In the context of the above two decisions of the Supreme Court some humble comments on the scope of Sections 31 and 34 of the Arbitration Act are given below:

The main object of Section 31 of the Arbitration Act is to invest a single court with the exclusive jurisdiction to decide all questions relating to the matter of arbitration ; this object is achieved by the combined operation of all its sub-sections. The words "application in a reference" used in sub-section (4) should therefore, be related back to sub-sections (2) and (3) and all applications regarding the conduct of arbitration proceedings or arising out of such proceedings or in which the court has to decide questions regarding the validity, effect, or existence of an award or an arbitration agreement between the parties to the agreement, should be treated as "application in a reference".

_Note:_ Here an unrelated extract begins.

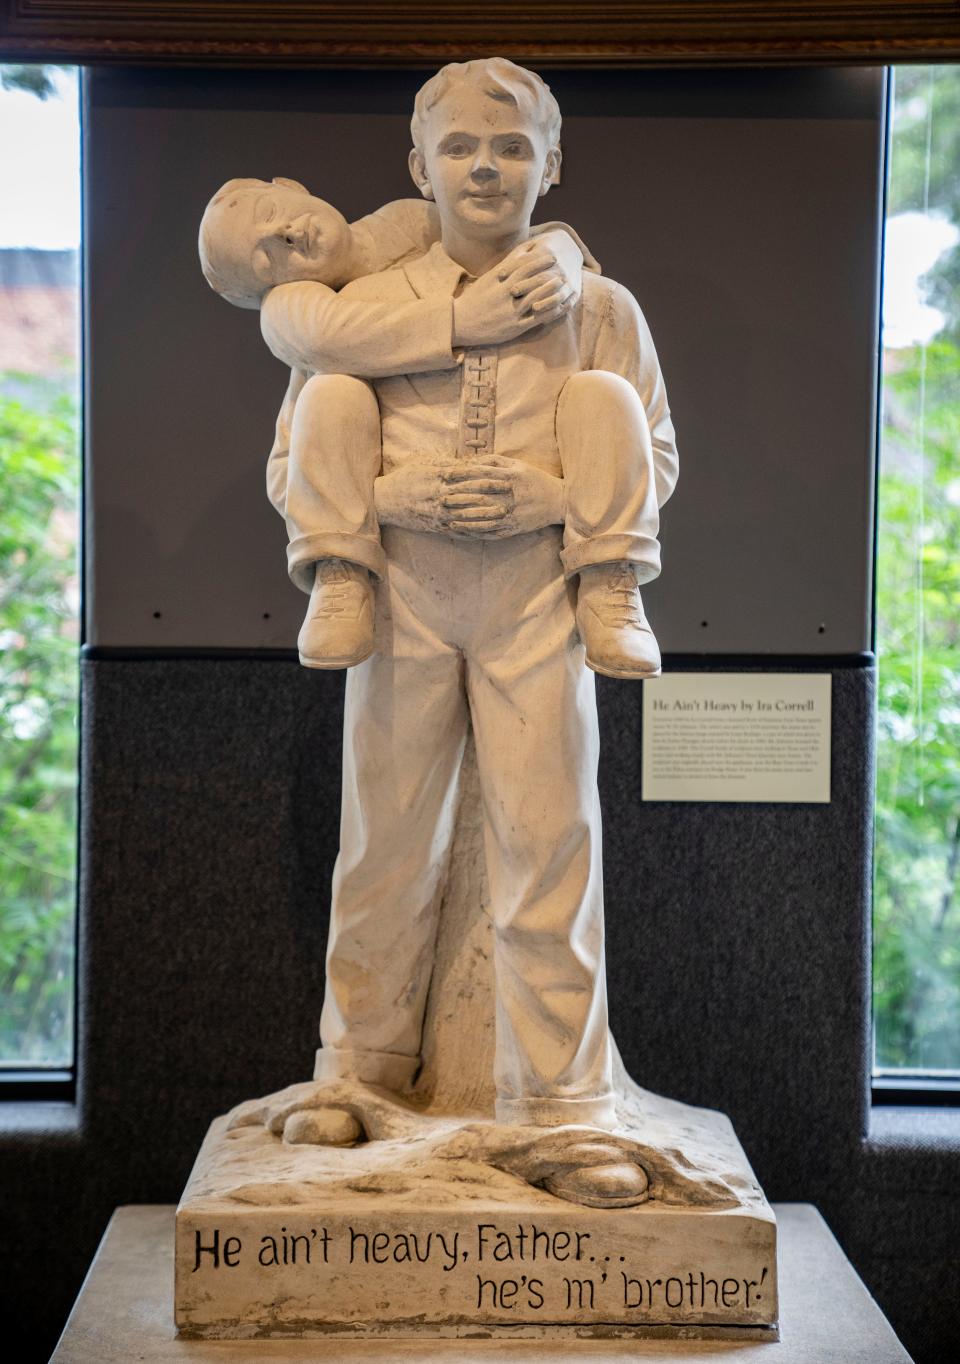 A statue engraved with "He ain't heavy, Father... he's m' brother" on display at the Boys Town Hall of History, Thursday, Aug. 3, 2023.

The very foundation for the jurisdiction of the court under Section 34 is the existence of an arbitration agreement. The applicant asserts that there is such an agreement, while the plaintiff either disputes the existence of such an agreement or pleads that it is invalid. Section 33 gives an independent right to a person who wishes to challenge the existence or validity of an arbitration agreement to anticipate the other side and to initiate proceedings to have these questions determined beforehand. Thus applications under Sections 33 and 34 both are fundamentally in the matter of arbitration proceedings and fall within the purview of Section 31(4) of the Arbitration Act, though the former is intended to make an arbitration agreement ineffective and the latter effective and neither leads to a reference.

Section 35 of the Arbitration Act provides that when legal proceedings upon whole of the subject-matter of the reference have been commenced between all the parties to the reference and a notice thereof has been given to the Arbitrators or umpire, all further proceedings in a pending reference shall, unless a stay of proceedings is granted under Section 34, be invalid. In these circumstances, therefore, an application for stay would be a necessary step to be taken by the applicant under law "in the course of reference". There seems no justification for holding that such an application cannot be treated as an application in a reference under Section 31(4) of the Arbitration Act.

It is possible that a party to an arbitration agreement may inadvertently or otherwise, file a suit in a court which is not competent under Section 2(c) of the Arbitration Act to decide the subject-matter of reference. Such an application cannot come within the purview of Section 31(4) of that Act. But in most of the cases parties file their suits in competent courts under legal advice. Applications for stay of such suits cannot be excluded from the purview of Section 31(4) merely because in Section 34 the expression "judicial authority" and not "court" is used. The jurisdiction of the court is determined under Section 31(4), read with Sections 2(c) and 14 of the Arbitration Act and is not influenced by the expression "judicial authority" used in Section 34.